Copy out each line below verbatim, skipping any picture.

* _Given material_
===============
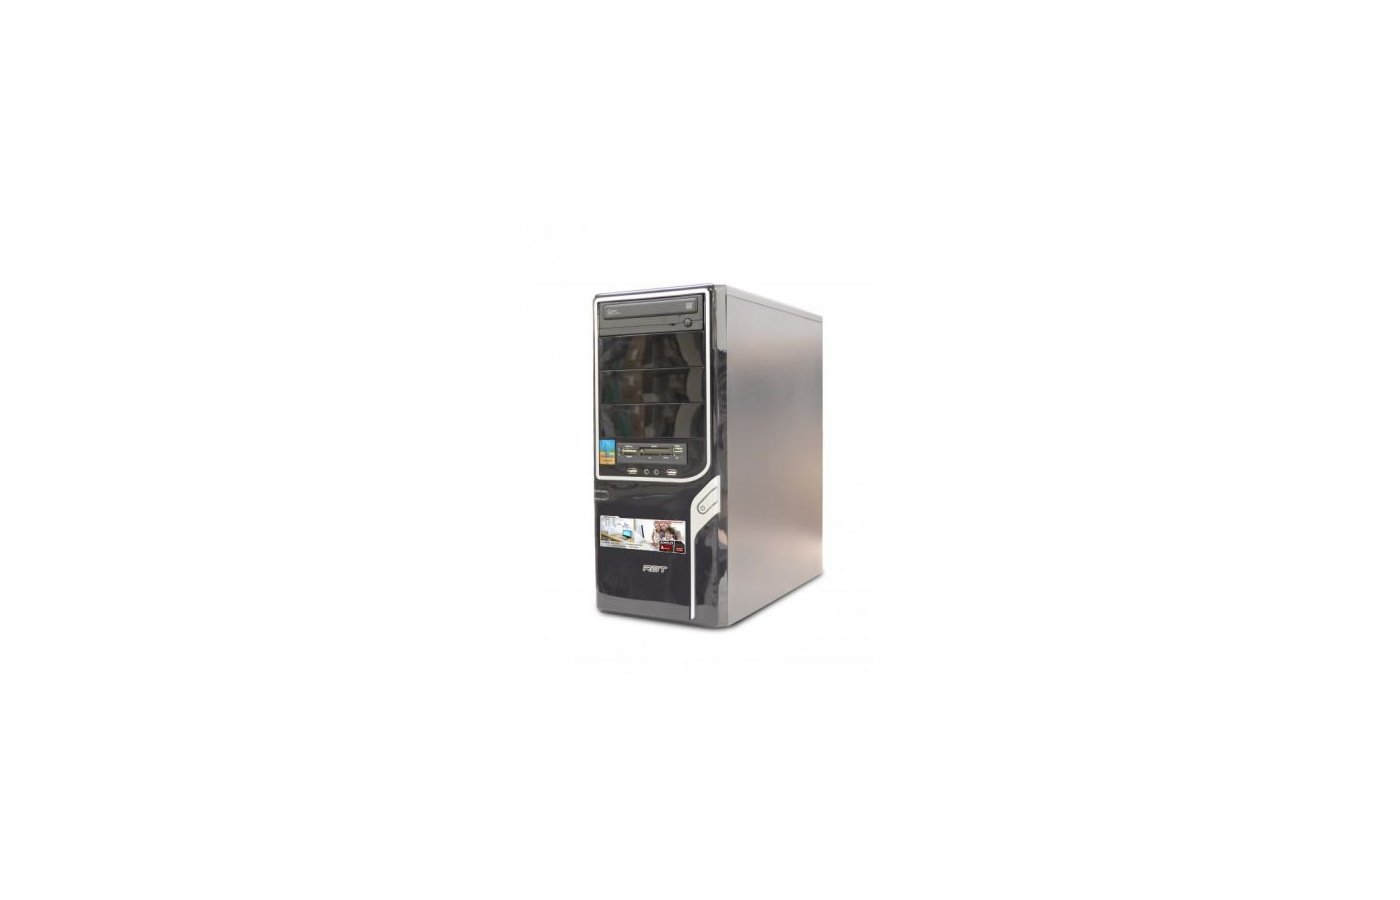 Системный блок РБТ R244 AMD X2 A4 4000 3.0Gh/4Gb/500Gb/HD 7480D/DVD-RW/CR
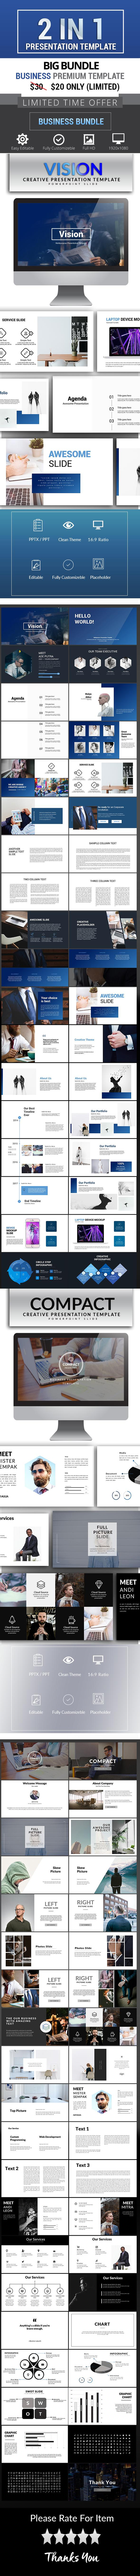 GraphicRiver 2 in 1 Business Bundle Keynote 20813329
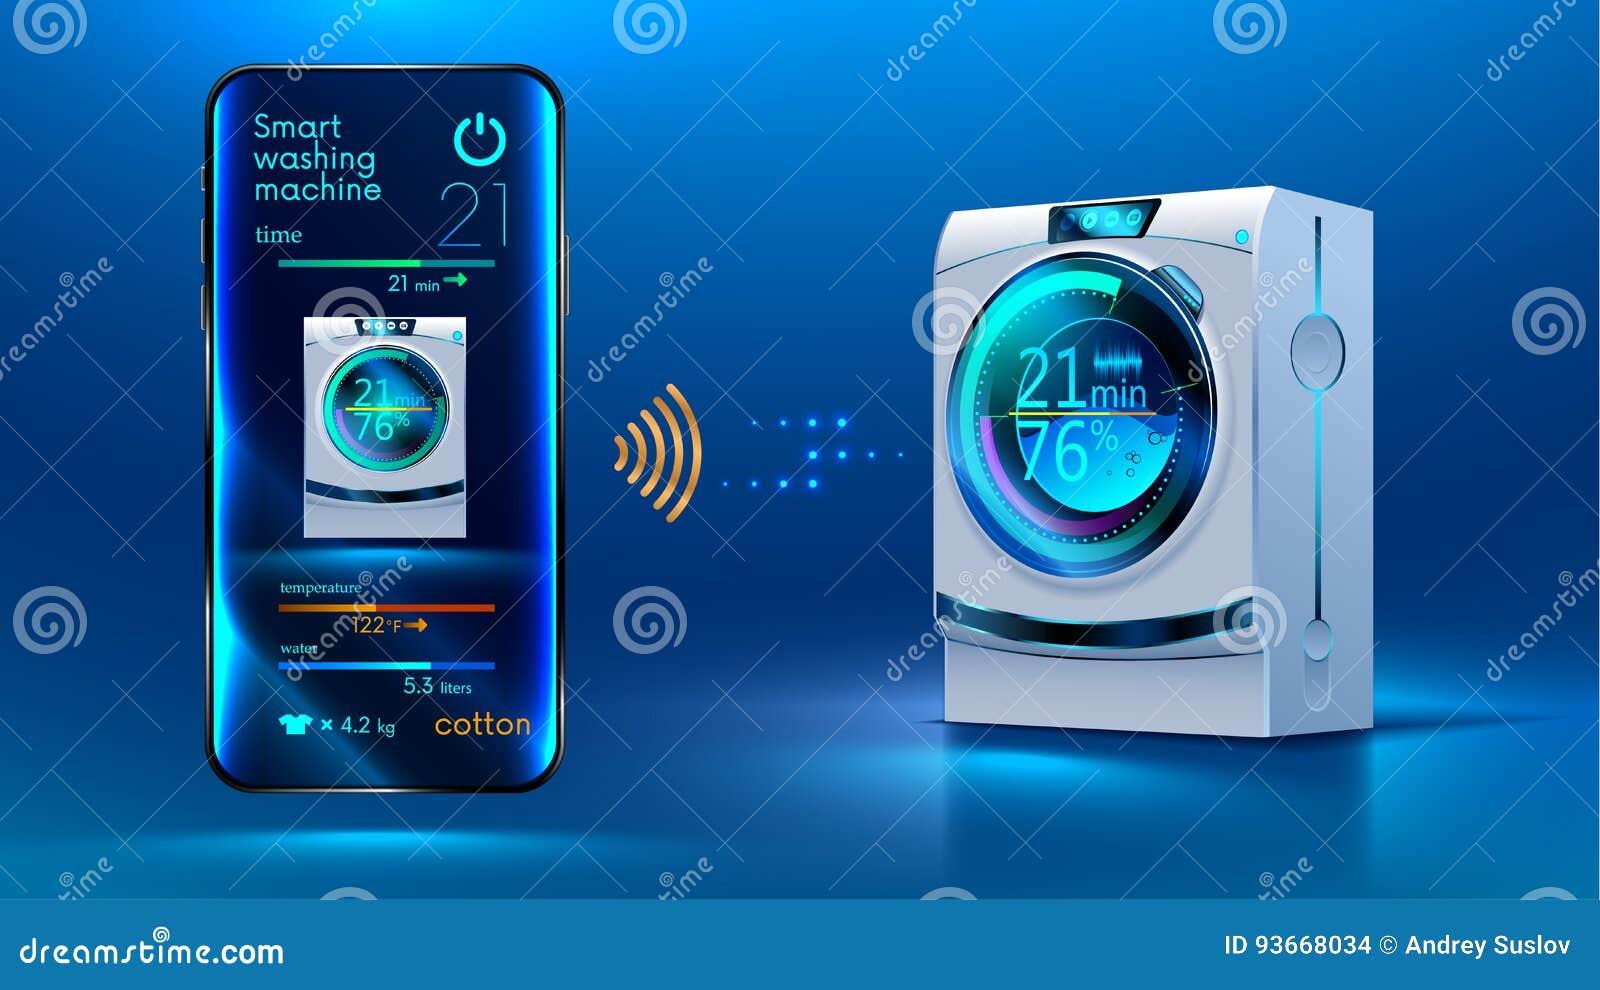 smart washing machine stock vector illustration of house 93668034. Black Bedroom Furniture Sets. Home Design Ideas
===============
* _Exercise result_
 Системный блок РБТ R244 AMD X2 A4 4000 3.0Gh/4Gb/500Gb/HD 7480D/DVD-RW/CR
 GraphicRiver 2 in 1 Business Bundle Keynote 20813329
 smart washing machine stock vector illustration of house 93668034. Black Bedroom Furniture Sets. Home Design Ideas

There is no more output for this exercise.